Она не могла перевести дух:
— Скорее. Фрау Пат… несчастье.
Я побежал по песчаной лесной дорожке к дому. Деревянная калитка не поддавалась. Я перемахнул через нее и ворвался в комнату. Пат лежала в постели с окровавленной грудью и судорожно сжатыми пальцами. Изо рта у нее еще шла кровь. Возле стояла фройляйн Мюллер с полотенцем и тазом с водой.
— Что случилось? — крикнул я и оттолкнул ее в сторону.
Она что-то сказала.
— Принесите бинт и вату! — попросил я. — Где рана? Она посмотрела на меня, ее губы дрожали.
— Это не рана…
Я резко повернулся к ней.
— Кровотечение, — сказала она.
Меня точно обухом по голове ударили:
— Кровотечение?
Я взял у нее из рук таз:
— Принесите лед, достаньте поскорее немного льда. Я смочил кончик полотенца и положил его Пат на грудь.
— У нас в доме нет льда, — сказала фройляйн Мюллер.
Я повернулся. Она отошла на шаг.
— Ради бога, достаньте лед, пошлите в ближайший трактир и немедленно позвоните врачу.
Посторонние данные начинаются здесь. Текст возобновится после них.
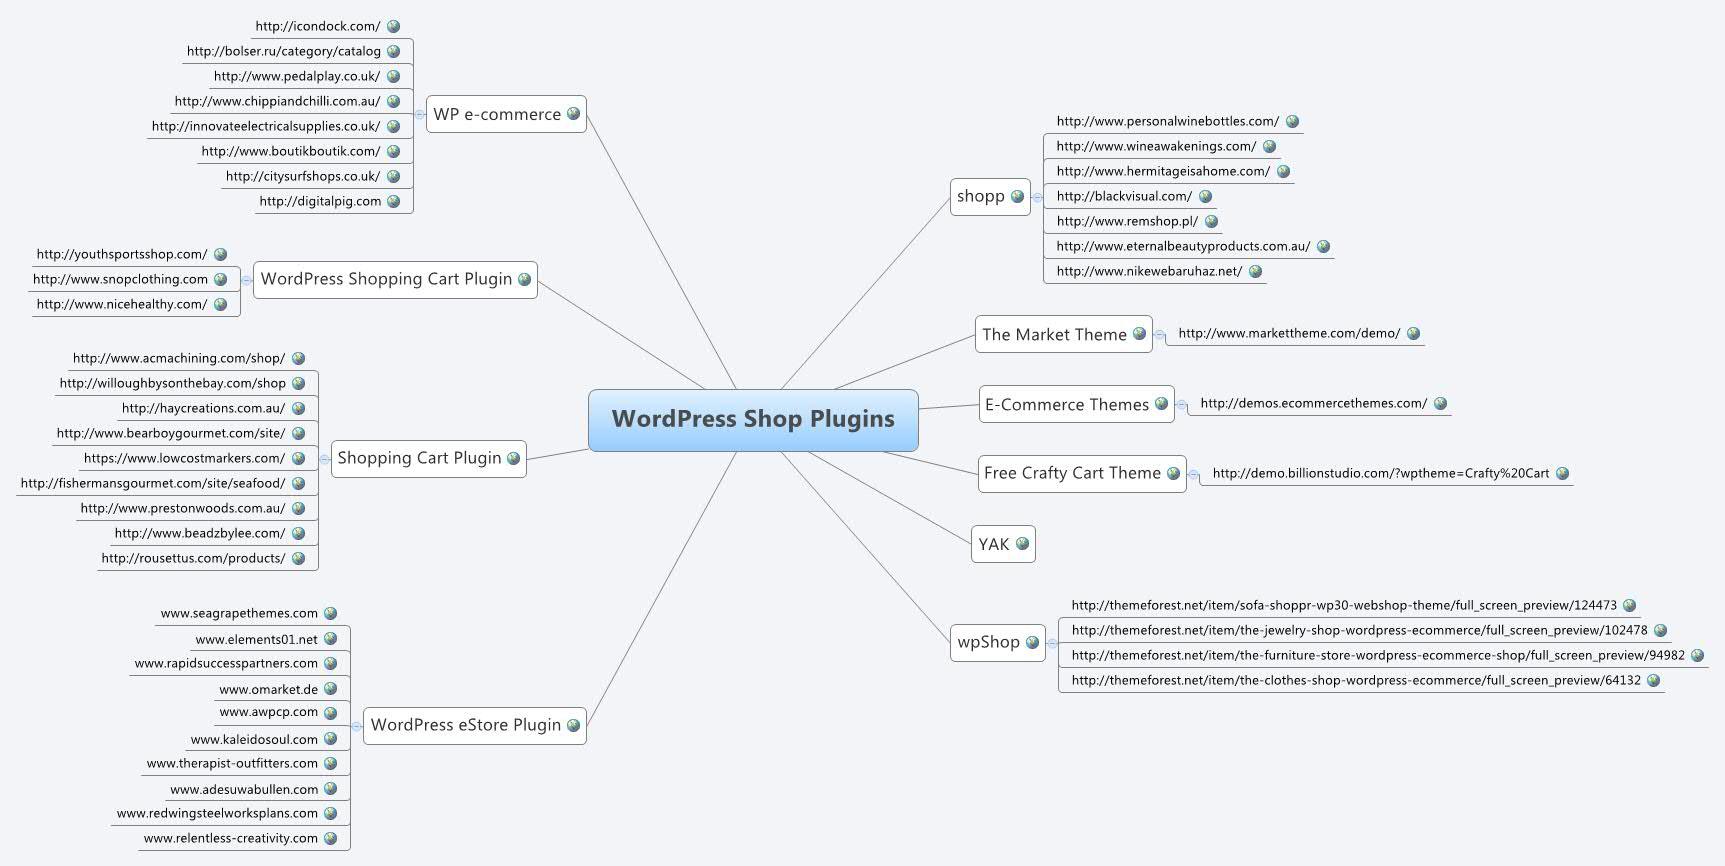 WordPress Shop Plugins

— Но ведь у нас нет телефона…
— Проклятье! Где ближайший телефон?
— У Массмана.
— Бегите туда. Быстро. Сейчас же позвоните ближайшему врачу. Как его зовут? Где он живет? Не успела она назвать фамилию, как я вытолкнул ее за дверь:
— Скорее, скорее бегите! Это далеко?
— В трех минутах отсюда, — ответила фройляйн Мюллер и торопливо засеменила.
— Принесите с собой лед! — крикнул я ей вдогонку.
Я принес свежей воды, снова смочил полотенце, но не решался прикоснуться к Пат. Я не знал, правильно ли она лежит, и был в отчаянии оттого, что не знал главного, не знал единственного, что должен был знать: подложить ли ей подушку под голову или оставить ее лежать плашмя.